Ancient Egyptian Money system
Sources for the study of the use of money in Egypt consists of documents of the temple, biographies and other archaeological data. Currency began to be used by the Egyptians as the Greco-Roman period. For most, the ancient Egyptians were never conceptualized the use of money.
Ancient Egyptian Barter System
The Egyptian economy has been characterized by the system of barter goods were bought and sold . Payments were made in the form of rations of cereals, meat and fabric. The standard base salary of ten loaves of bread and one third to two full jugs of beer per day.Egypt was basically an agrarian culture, the exchange of goods was across the grain and commodities. Later, the calculation has been done in terms of weight metals such as copper or silver. Prices were recorded on some papyri that date for a period of 150 years during the 19th and 20th dynasties.
However, there are many problems associated with the interpretation of these documents. Many of these texts were never intended to be read by anyone other than their owners, and were often not the work of professional scribes. However, from their scholars have identified four value units that have been used to price products, consisting of the debenture, Senyu, and the hin khar.

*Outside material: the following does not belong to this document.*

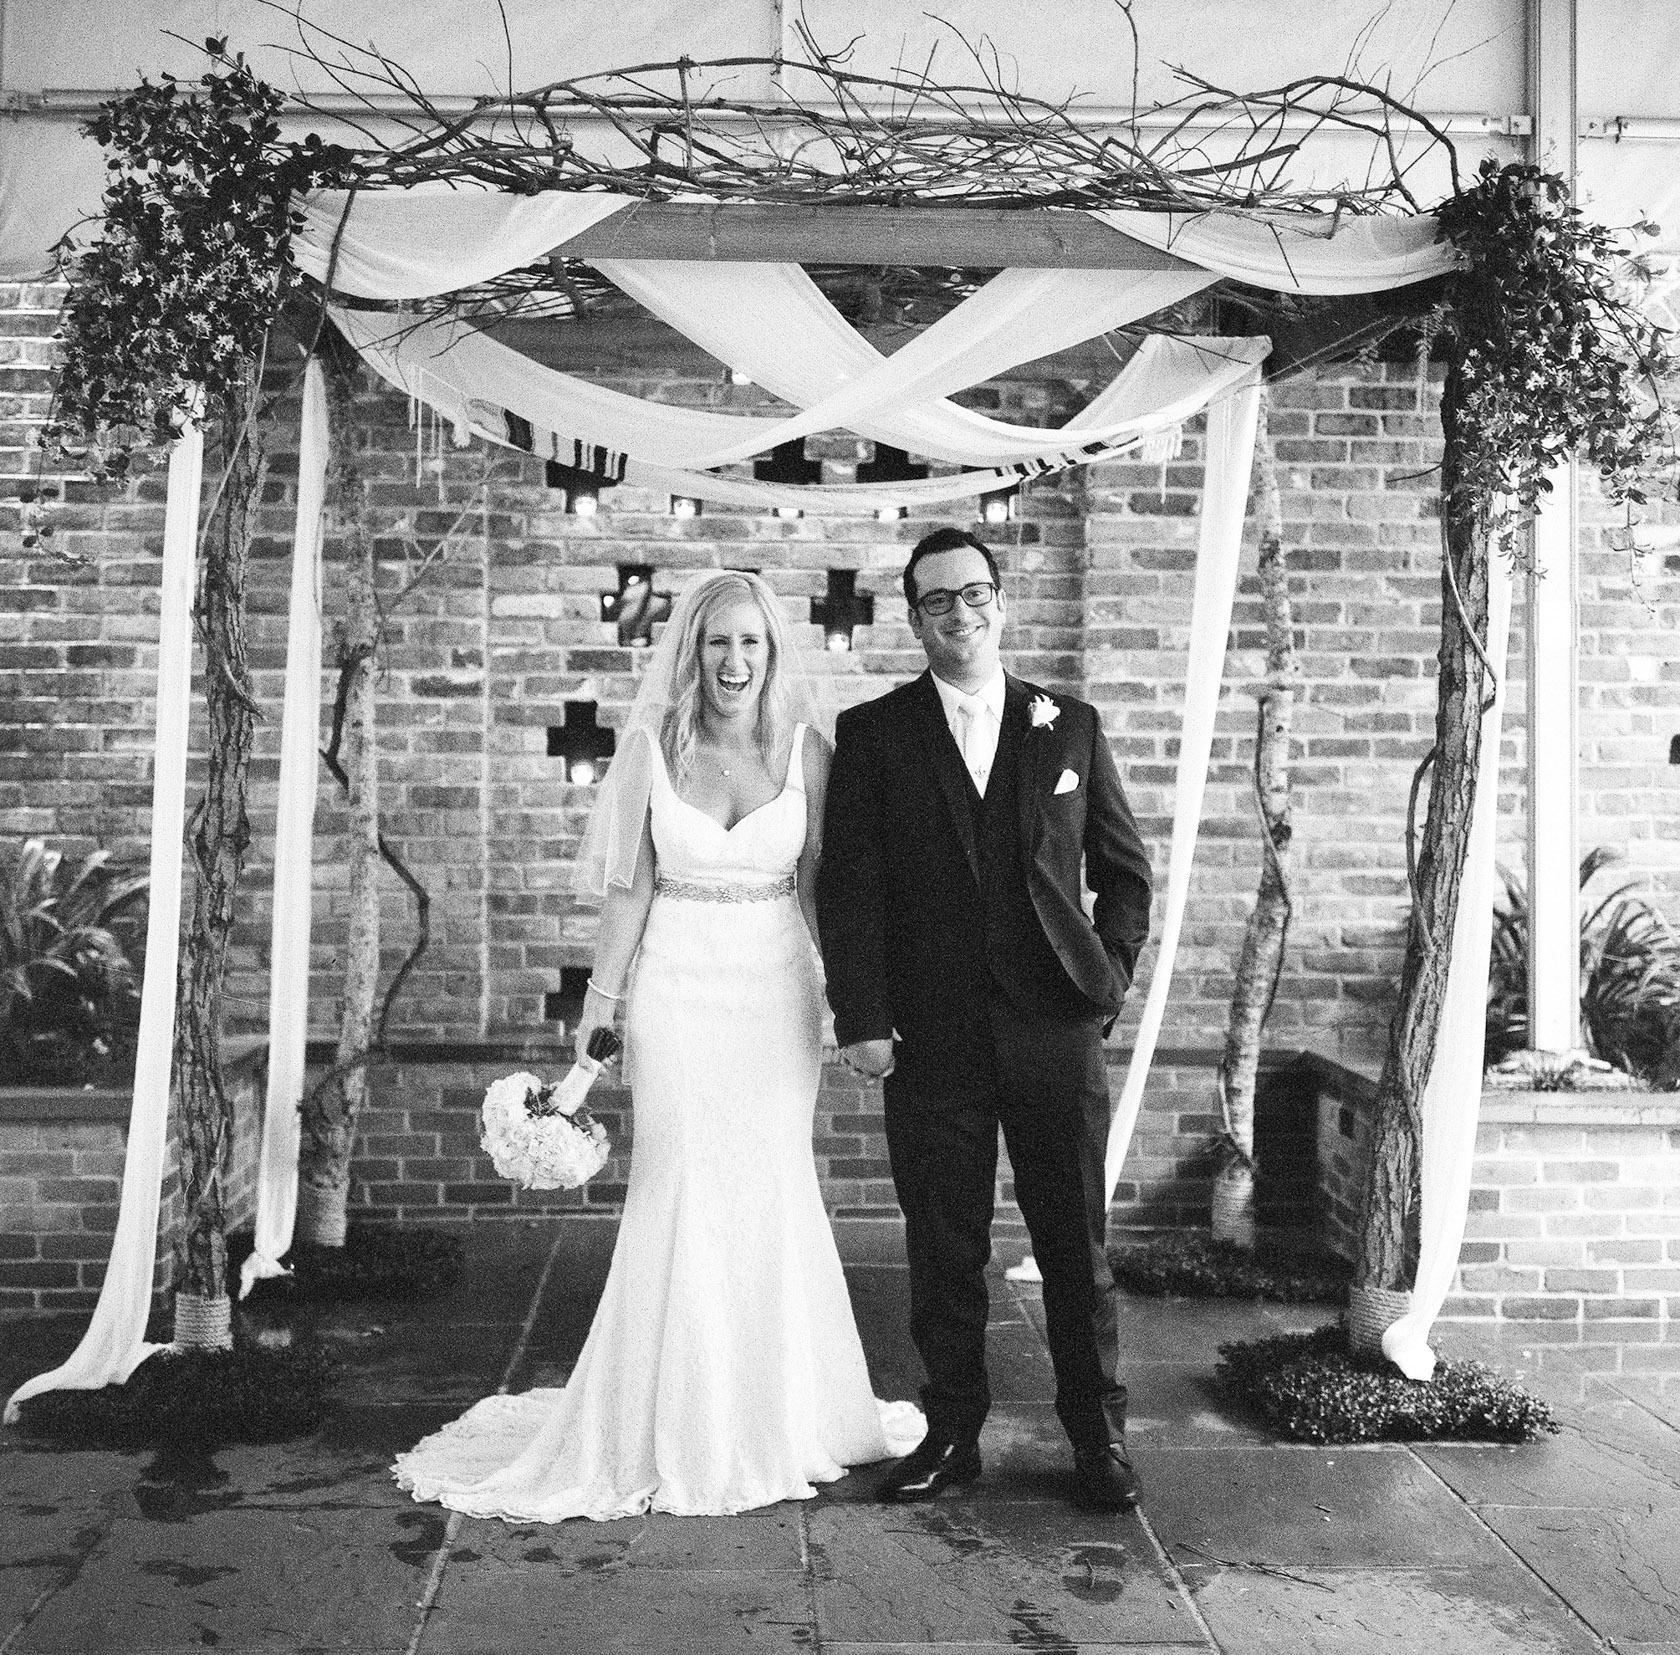 maison dupuy wedding on film 06
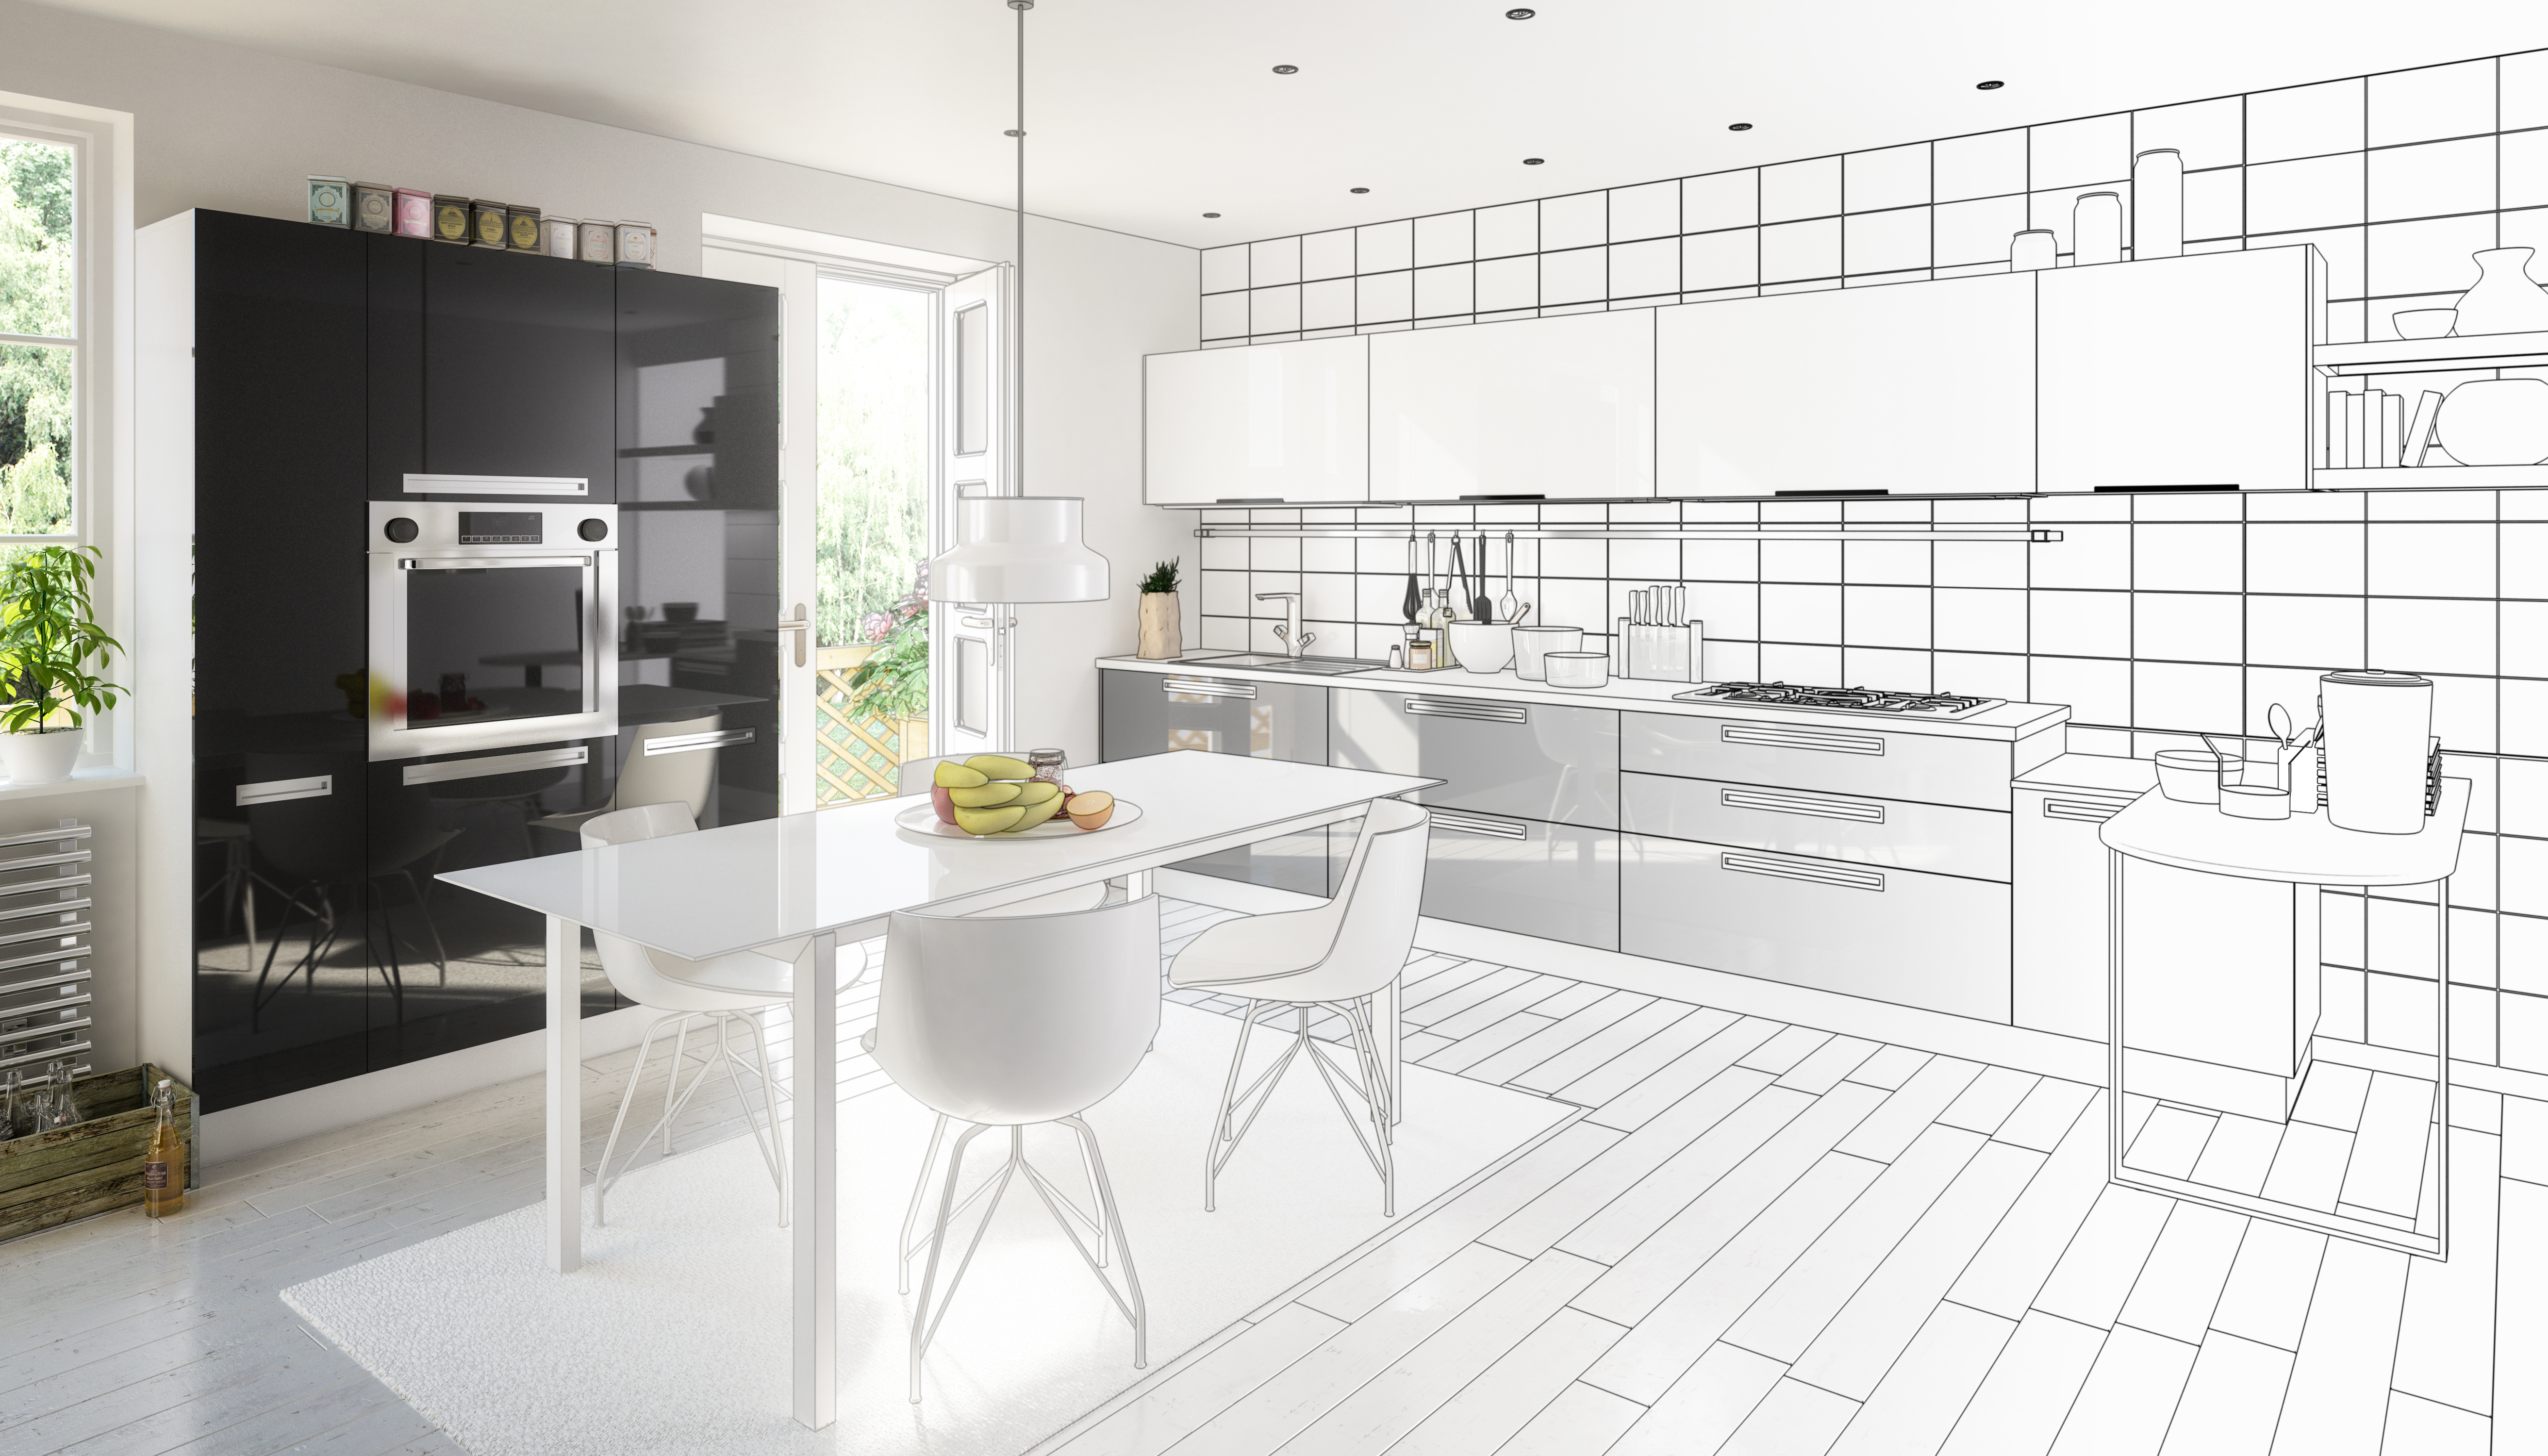 Kitchen modeling

Ancient Egyptian Coins and Currency :-
Ancient Egyptian Deben
The deben is a measure of weight that was used for gold, silver, and most often copper. Debenture copper weighs between 90 and 91 grams.
Ancient Egyptian Senyu
A Senyu, perhaps meaning "piece" is a tape weight equal to about 7.6 grams. However, unlike other weights mentioned here, Senyu was exclusively a unit value calculation, and was not considered an actual unit of weight itself.
Ancient Egyptian Khar
A third unit is the value of NAM, a measurement of volume equal to 0.48 liters. The khar is a measure of the grain volume, or barley or other emmer, equal to 76.88 liters. The khar was most often found in a unit value for baskets, both because the volume of the basket was equal to its value and the baskets are relatively inexpensive.
Ancient Egyptian Money and Economy
Throughout Egyptian history, all these measures do not seem to exist at the same time. Before coins began circulating in ancient Egypt around 500 BC, there was a system of values based on the weight of the gold, silver and copper. Metal measured in units of weight known as deben (about 90 g) could be used to pay bills and trade.
Records of the eighteenth dynasty issue that often the real metal does not change hands, but it has been used to assess trade goods. Egypt had no readily available source of money, but the Egyptian word for money, hedj, has come to mean something close to "money."
Ancient Egyptian Money video
These metal ingots and rings date back to the fourteenth century BC and were found in el-Amarna. They give us the rare archaeological evidence of Egyptian system of money first. Complete ingots weigh about 3 deben and rings seem to be fractions of the debenture.